Musicalzone.de:  Drew, könntest du dich bitte unseren Lesern vorstellen?

Drew Sarich: Hi – ich bin Drew!

MZ: In Wien bist du derzeit als „Ché“ in „Evita“ zu sehen. Kannst du uns etwas über die Rolle erzählen?

DS: Ché ist… Während der Proben haben wir ganz intensiv diskutiert, wer er ist. Im Laufe der Show wird er nie namentlich erwähnt. Wenn man Ché Guevara als Vorlage nimmt: Er hieß eigentlich Ernesto und hat sich später umbenannt, um zu zeigen, dass er einer des Volkes ist. Übersetzt bedeutet Ché so viel wie „Hey Du“ – das ist, als würde ich mich selbst mit „Alter“ bezeichnen. Er ist der Erzähler des Stückes und – hoffentlich – das Gewissen des Publikums. Wenn man ihn mit Ché Guevara vergleicht, was ich immer wieder mache, dann ist er ein Pre-Revoluzer – er steht gerade an der Kippe. Als er 18 war, da waren die Peróns bereits an der Macht und er hat das aus erster Hand miterlebt. Ché kam aus wohlhabenden Verhältnissen und sollte eigentlich Medizin studieren, aber als er mit dem Motorrad durch Südamerika fuhr hat er gesehen, wie es den Menschen dort geht. In Kombination mit seinen Erfahrungen durch die Peróns, hat ihn das motiviert nach Kuba zu gehen und den Kommunismus zu unterstützen. Am Anfang sieht man ihn wirklich noch unentschlossen, er ist desillusioniert und wütend. Am Ende des Stückes sagt er wirklich „Wenn ihr Stern erlischt und ihr erwacht, dann komm ich – einer, der euch nicht belügt!“. Sein Bogen ist „Jetzt bin ich bereit meinen Weg zu gehen!“.
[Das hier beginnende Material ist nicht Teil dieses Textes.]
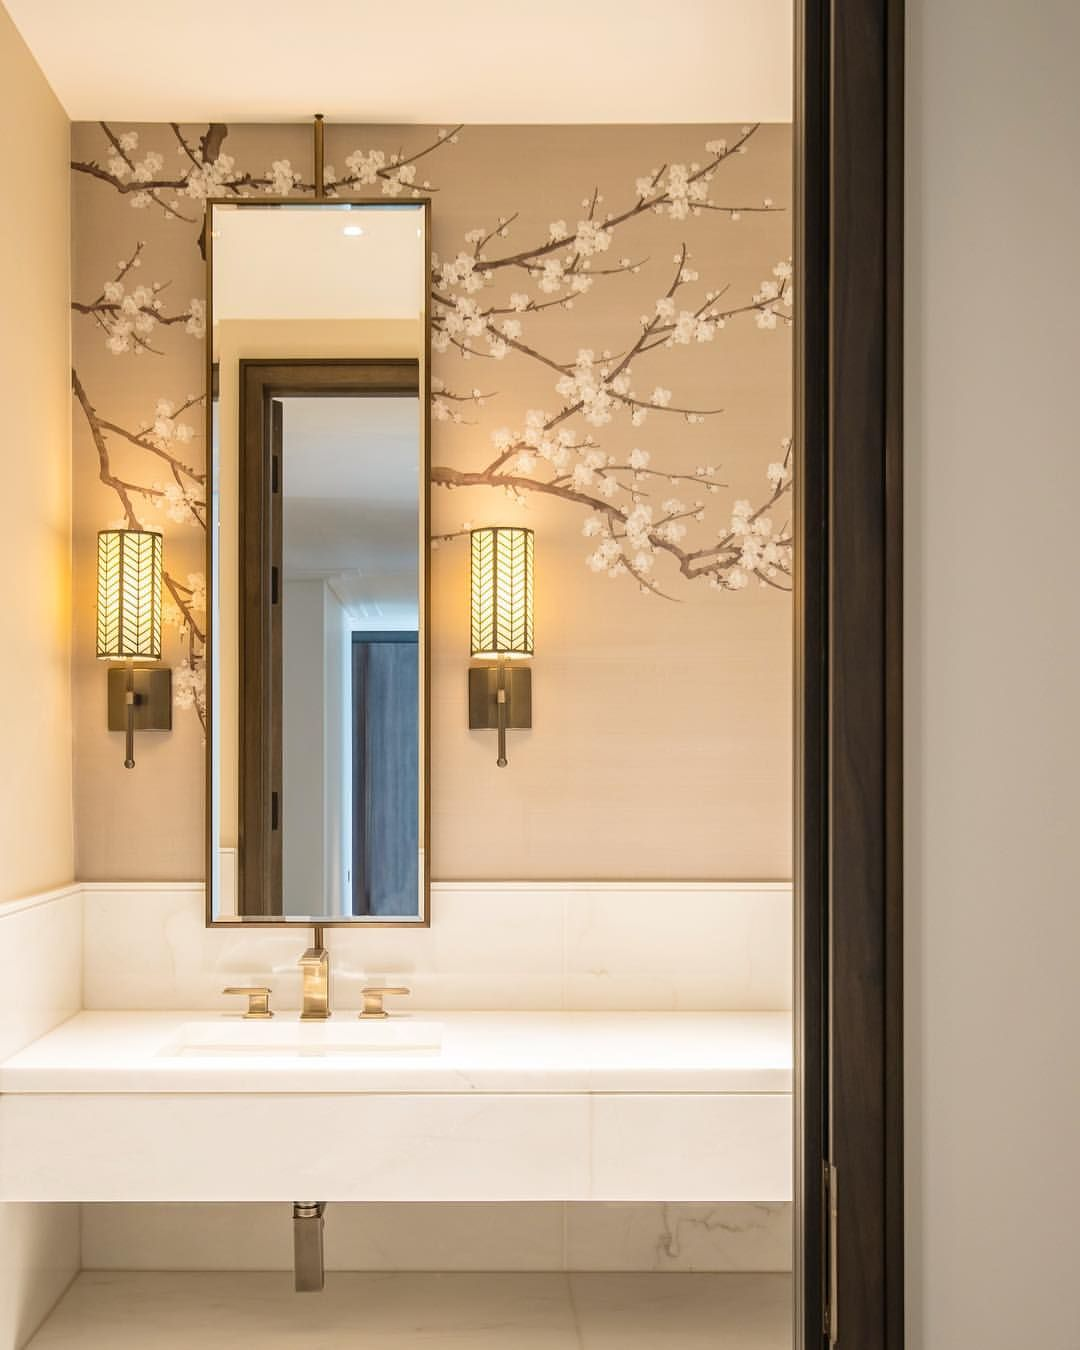 Pin By Gray On Bathroom 4 In 2019 Bathroom Powder Room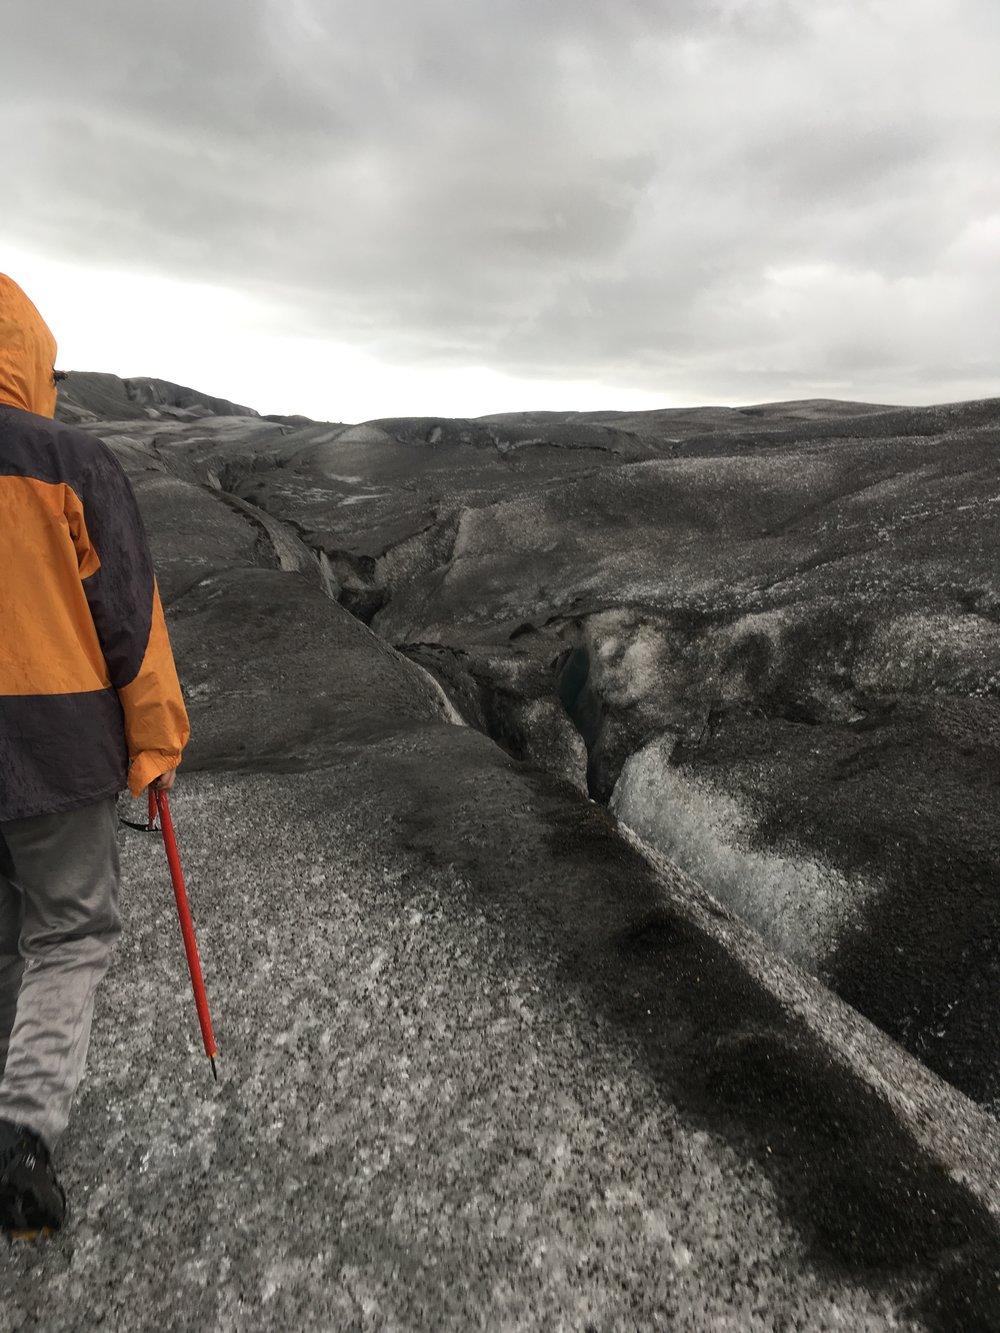 Trekking on Solheimajokull, a glacier near Vik, Iceland.

MZ: Du konntest die Rolle bereits 2010 in Magdeburg spielen. Hat sich durch den neuen Regisseur, Vincent Peterson, etwas an deiner Darstellung der Rolle geändert?

DS: Während der Probenzeit teste ich verschiedene Sachen einfach aus und wenn sie sie scheiße sind, dann ist das halt so und wenn sie funktionieren, dann behalte ich sie. Zum Glück hatte ich die Magdeburger Produktion bereits als Vorkenntnis, wo ich bereits probieren konnte und wusste, wie meine Figur aussieht. Vincent warnte mich immer wieder vor dem Charme. Ché ist eine Rolle, die ziemlich schnell mit einer Show wegrennen kann, weil er mit dem Publikum kommuniziert. Er ist derjenige, der Fragen stellt und teilweise richtig lustig ist. In der heutigen Zeit würde ich ihn als Blogger oder Satiriker bezeichnen. In Amerika gibt es zwei Komiker im Fernsehen, Stephen Colbert und John Stewart, die sehr politisch und linkslehnend sind. Durch ihren Charme und Humor ist man sofort bei ihnen – das habe ich als Vorbild genommen. Vincent sagte auch oft „Such dir dein Ausrufezeichen“ – es gibt Momente, wo der Spaß aufhört. Es gibt Stellen, da steht er da und sagt „Es tut mir leid – es geht nicht mehr!“ und das war eine wichtige Lektion.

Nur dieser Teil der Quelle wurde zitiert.